At autosokhmno-dominant type H. when parents are homozygous, one — on the gene controlling development of a dominant character, and another — on the gene controlling development of a recessive character in firstgeneration from couple of alternative signs is shown only one — dominant. This phenomenon was called domination, and later — the first law of Mendel (see. Mendel laws ). So, the gene defining brown color of eyes at the person is dominant and suppresses effect of the recessive gene controlling blue color. If one of parents brown-eyed and gomozigoten on this gene (a genotype of AA), and another blue-eyed and gomozigoten on the recessive gene controlling blue color of eyes (a genotype aa), then all children in such family are heterozygous on the gene defining color of eyes and, therefore, brown-eyed (a genotype of Aa). If one of parents brown-eyed, but geterozigoten on the gene controlling color of eyes (a genotype of Aa), and another gomozigoten on a recessive gene and, therefore, blue-eyed (a genotype aa), then on average a half of children from such marriage is brown-eyed (a genotype of Aa) and a half — blue-eyed (a genotype aa). The probability of the birth and that, and other children is equal to 1:1. Thus, effects of a dominant gene are shown always, regardless of whether there is a gene in homozygous (AA) or heterozygous (Aa) a state. Recessive genes show the action only in a homozygous state.
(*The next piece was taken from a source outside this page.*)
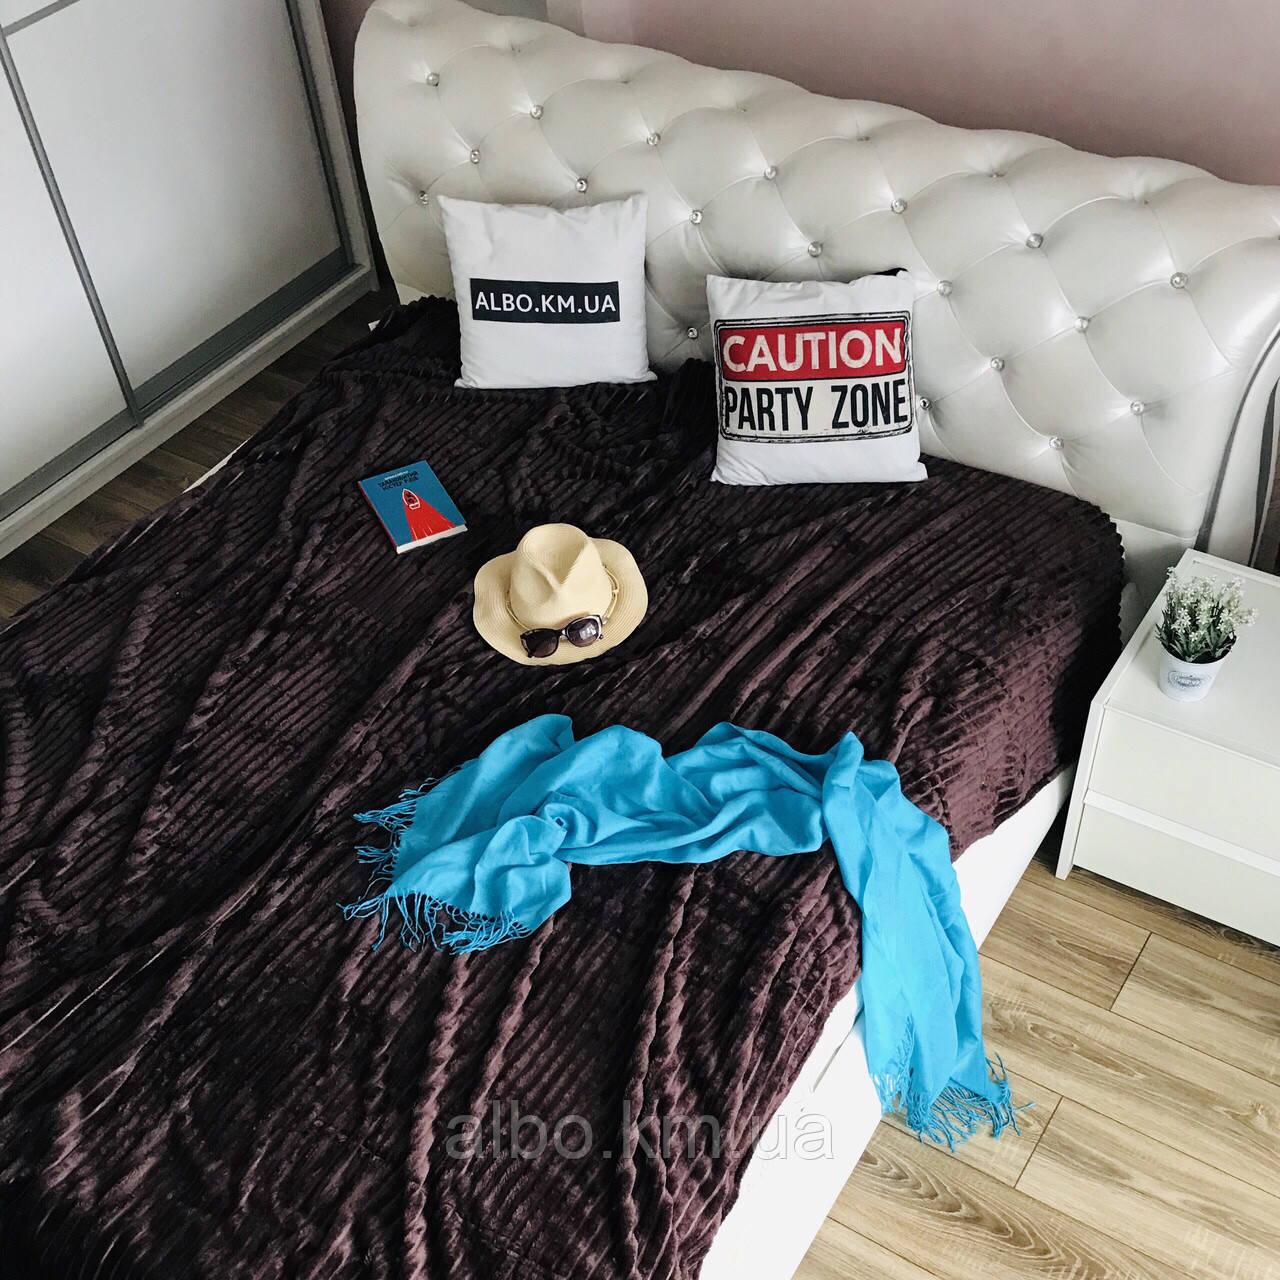 Покрывало микрофибра на диван ALBO 200х230 cm Шоколадное(P-F1-20)

By 70th 20 century at the person were known apprx. 700 normal and patol. signs, development to-rykh is controlled by this or that autosomal dominant gene. In particular, many hereditary anomalies of a skeleton are described, transfer to-rykh is from generation to generation caused by autosomal dominant genes (e.g., an achondroplasia, or the disproportional dwarfism which is characterized by strong shortening of extremities). Family trees with an autosomal and dominant mode of inheritance of a polydactylia (polydactylism, additional fingers) are known, to a brachydactyly (korotkopalost) and other anomalies of development.
The signs controlled by dominant genes rather easily are found, and it is easy to track transfer of genes in several consecutive generations. To reveal transfer to posterity of autosomal recessive genes much more difficultly since these genes show the effects only in a homozygous state. An example of an autosomal and recessive mode of inheritance of signs is albinism. From marriage between two albinos only children albinos since parents are homozygous on a gene of albinism are born (a genotype ss). From marriage between an albino and the person with normal pigmentation children albinos usually are not born. However if someone from spouses albinos geterozigoten on a gene of albinism (the genotype With c), then in a family on average will be a half of children albinos and a half — with normal pigmentation (a ratio 1:1).
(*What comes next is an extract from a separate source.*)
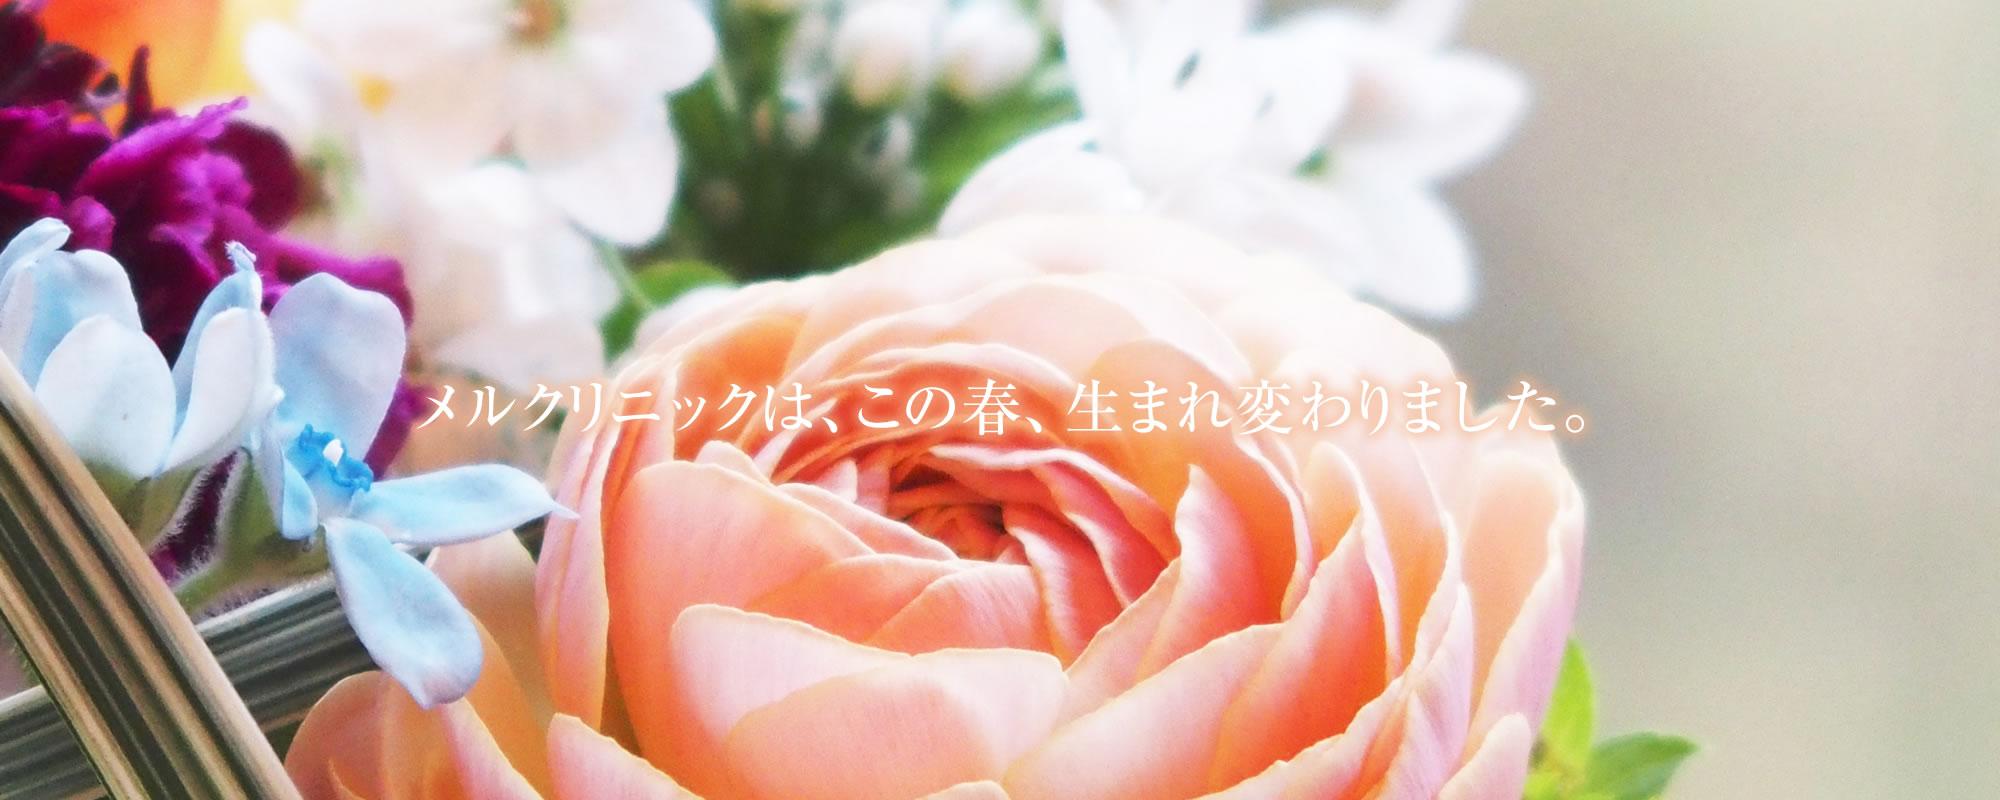 神戸メルクリニック

More than 500 hereditary diseases are known, to-rye are controlled by autosomal recessive genes. If for it is prepotent the inherited diseases defeat of in a row several generations of one family is characteristic (N. down), then at recessive N. one or several children of healthy parents quite often suffer. At related marriages of externally healthy family members, in a cut the case, inherited on recessive type took place, the probability hereditarily of the caused diseases at children is high since both parents can be the hidden carriers of a mutant gene. At the same time the closer relationship between marrying, the is more danger of emergence in children various hereditary diseases (see). At to a dominant mode of inheritance at children both signs from parents are shown at the same time (see. Codominance ).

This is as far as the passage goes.